刻意的距离像一层透明的膜,悄无声息地笼罩在治疗室里。
温以然的康复指导变得格外公式化,语气平稳得像在念说明书,目光总是落在汪顺的膝盖或训练器材上,极少与他对视。她不再在休息时闲聊,训练一结束就收拾东西离开,像在赶一场不能迟到的约会。
汪顺心里像压着块石头,训练时总觉得提不起劲。抗阻训练的动作明明练得很熟了,却频频出错,髋部的发力总找不到正确的感觉。
“注意髋外展肌,别用腰代偿。”温以然的声音从旁边传来,依旧是专业的冷静,听不出任何情绪。
汪顺深吸一口气,调整姿势重新开始。他能感觉到她的目光落在自己的髋部,却像带着刺,让他浑身不自在。
一组动作做完,他的额角渗出细汗,却没像往常一样接过她递来的毛巾——他看到她的手在半空中顿了顿,然后若无其事地收了回去,搭在身侧,指尖微微蜷着。
治疗室里的空气越来越冷,阳光透过窗户照进来,也驱不散那份刻意的疏离。汪顺看着她低头整理记录的样子,忽然觉得,这样的“专业”比任何争吵都更让人难受。
下午的技术分析课,教练让温以然讲解汪顺的康复进展。她站在屏幕前,调出肌力测试数据和动作对比图,条理清晰地分析着:“股内侧肌肌力已恢复至100%,动态平衡评分较上月提升12分,下一步计划加强爆发力训练,为冬训做准备……”
她的声音清亮,逻辑缜密,像在汇报一份与自己无关的工作。汪顺坐在下面,看着她在屏幕上圈出的每一个数据,忽然觉得那些曾经让他骄傲的进步,此刻都变得冷冰冰的,没有一点温度。
课结束后,教练拍着汪顺的肩膀笑:“你看小温多专业,把你的情况摸得门儿清,你可得好好配合。”
汪顺扯了扯嘴角,没说话。他宁愿她像以前一样,会因为他的小进步而笑,会因为他的疏忽而皱眉,也不想看她现在这副拒人千里的样子。
晚上加练时,汪顺故意留在训练馆。他知道温以然每天这个时间会来检查器材,想找个机会跟她好好谈谈。

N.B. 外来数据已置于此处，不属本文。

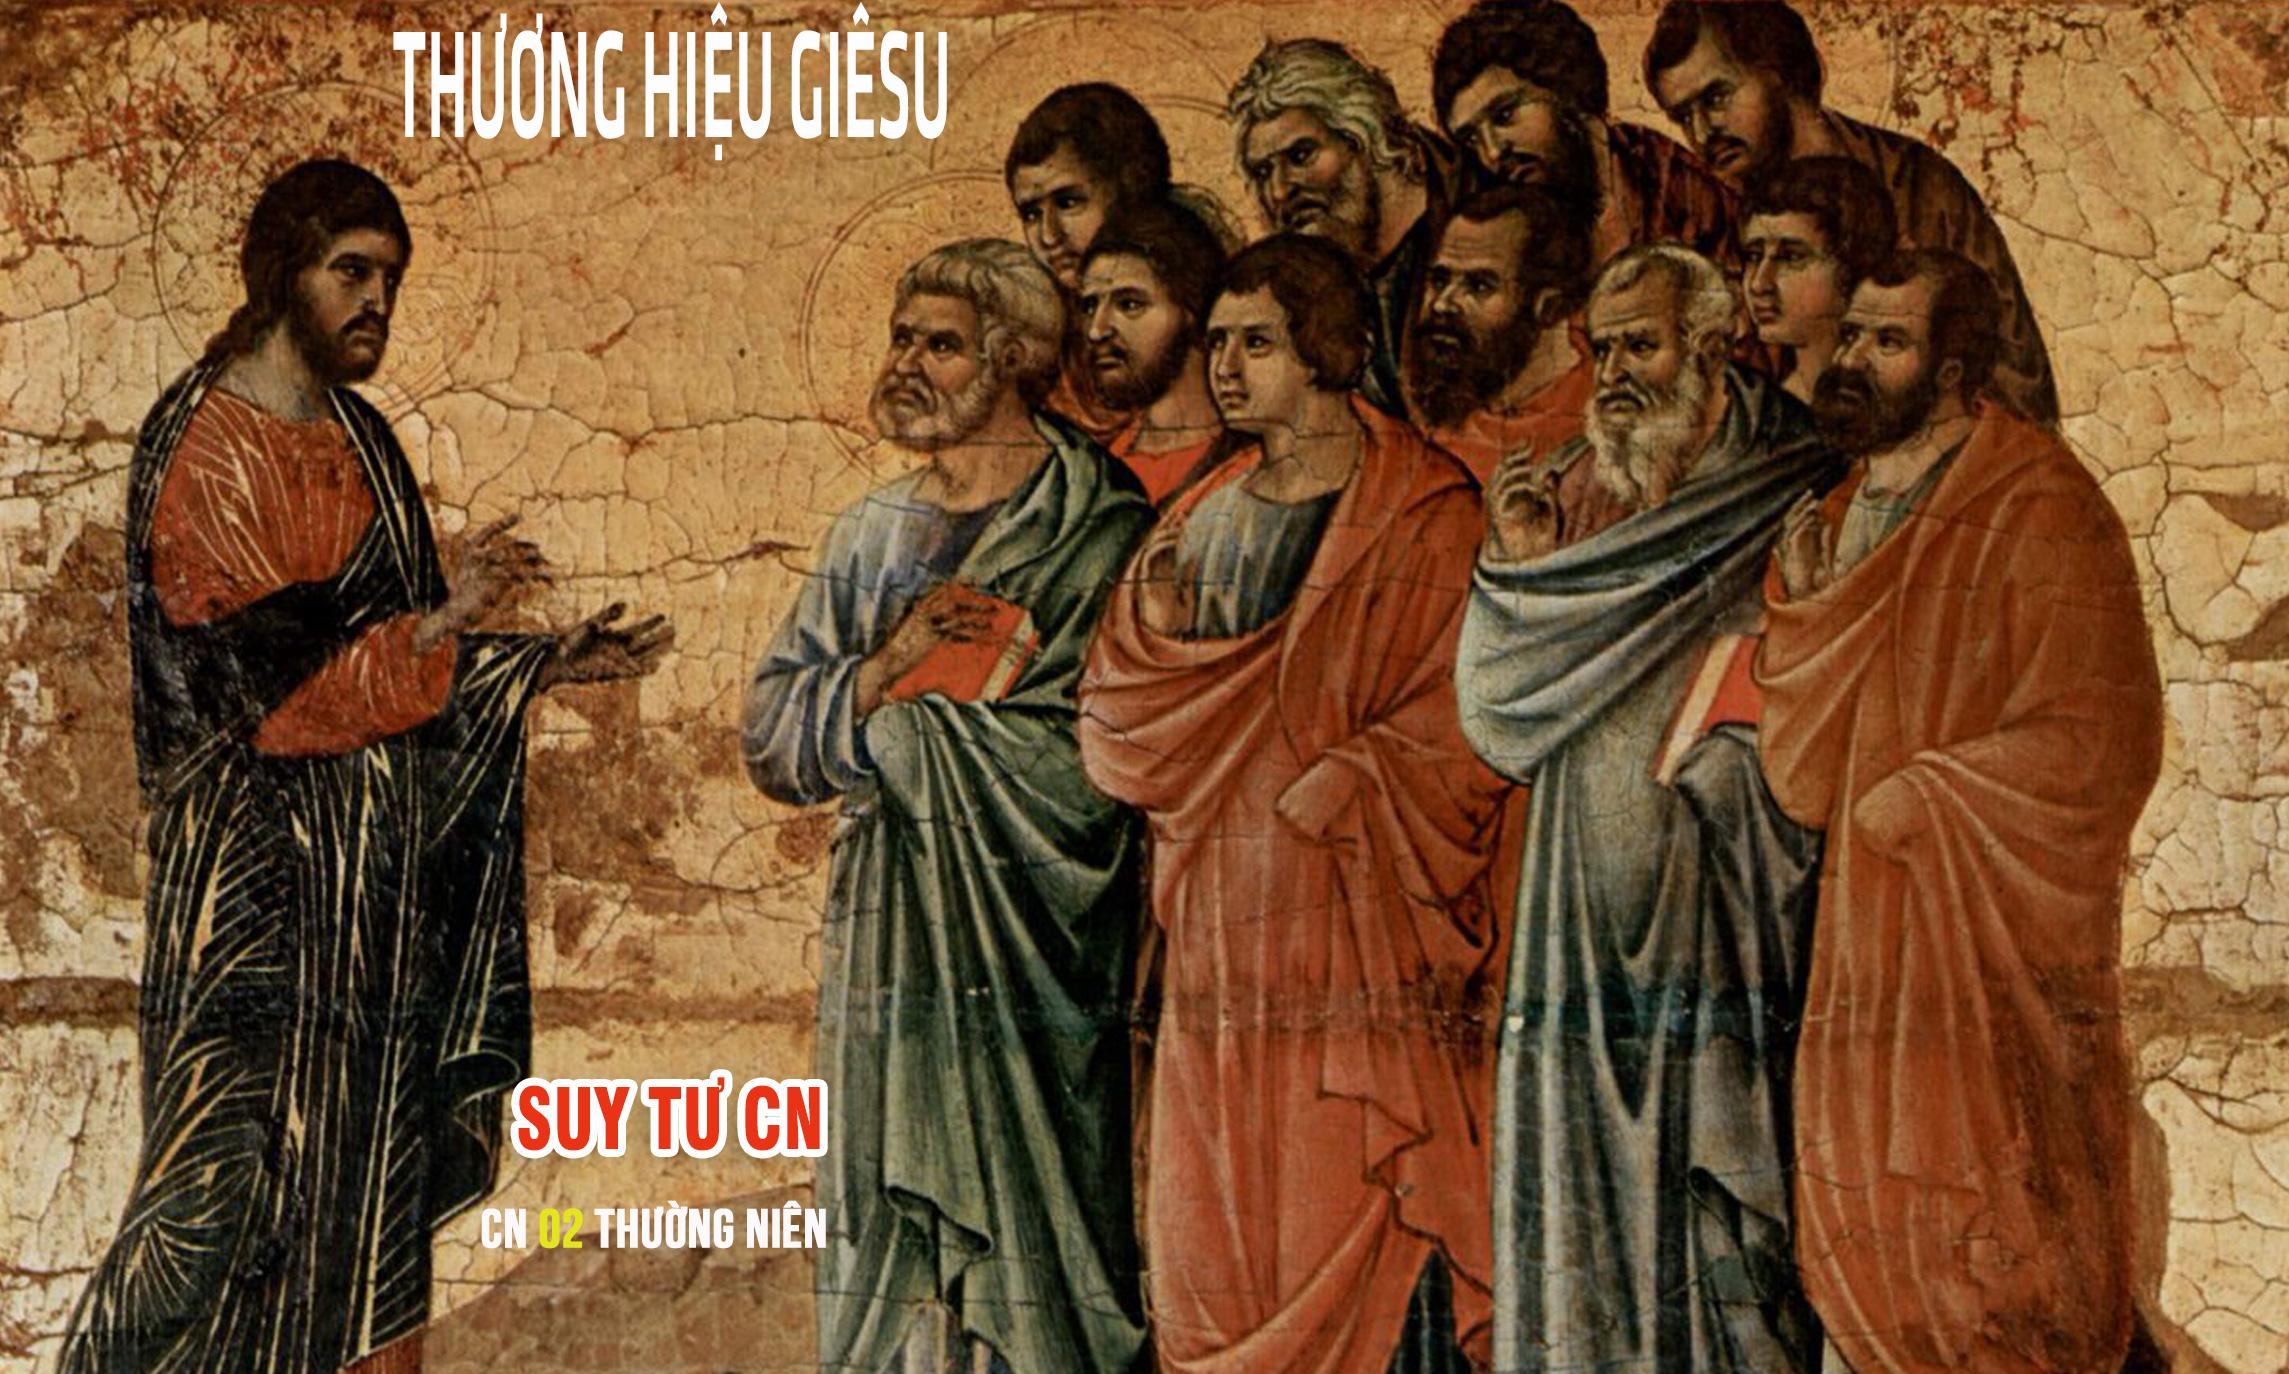 Thương Hiệu Giêsu

果然,没过多久,治疗室的灯就亮了。汪顺走过去,看到温以然正在清点理疗仪器,手里拿着一个笔记本,逐项打勾。
“还没走?”她听到脚步声,头也没抬地问,语气平淡。
“加练了会儿。”汪顺走到她旁边,看着那些熟悉的仪器,“我们能聊聊吗?”
温以然的动作顿了顿,随即继续手里的活:“没什么好聊的,训练计划都在你桌上,有问题明天再说。”
“我不是说训练。”汪顺看着她,“我是说我们……”
“我们没什么好说的。”温以然合上笔记本,抬起头,终于看向他,眼里却带着明显的疏离,“汪顺,我们是康复师和运动员,这层关系不能乱。亚运会刚结束,你的状态正好,别因为别的事分心。”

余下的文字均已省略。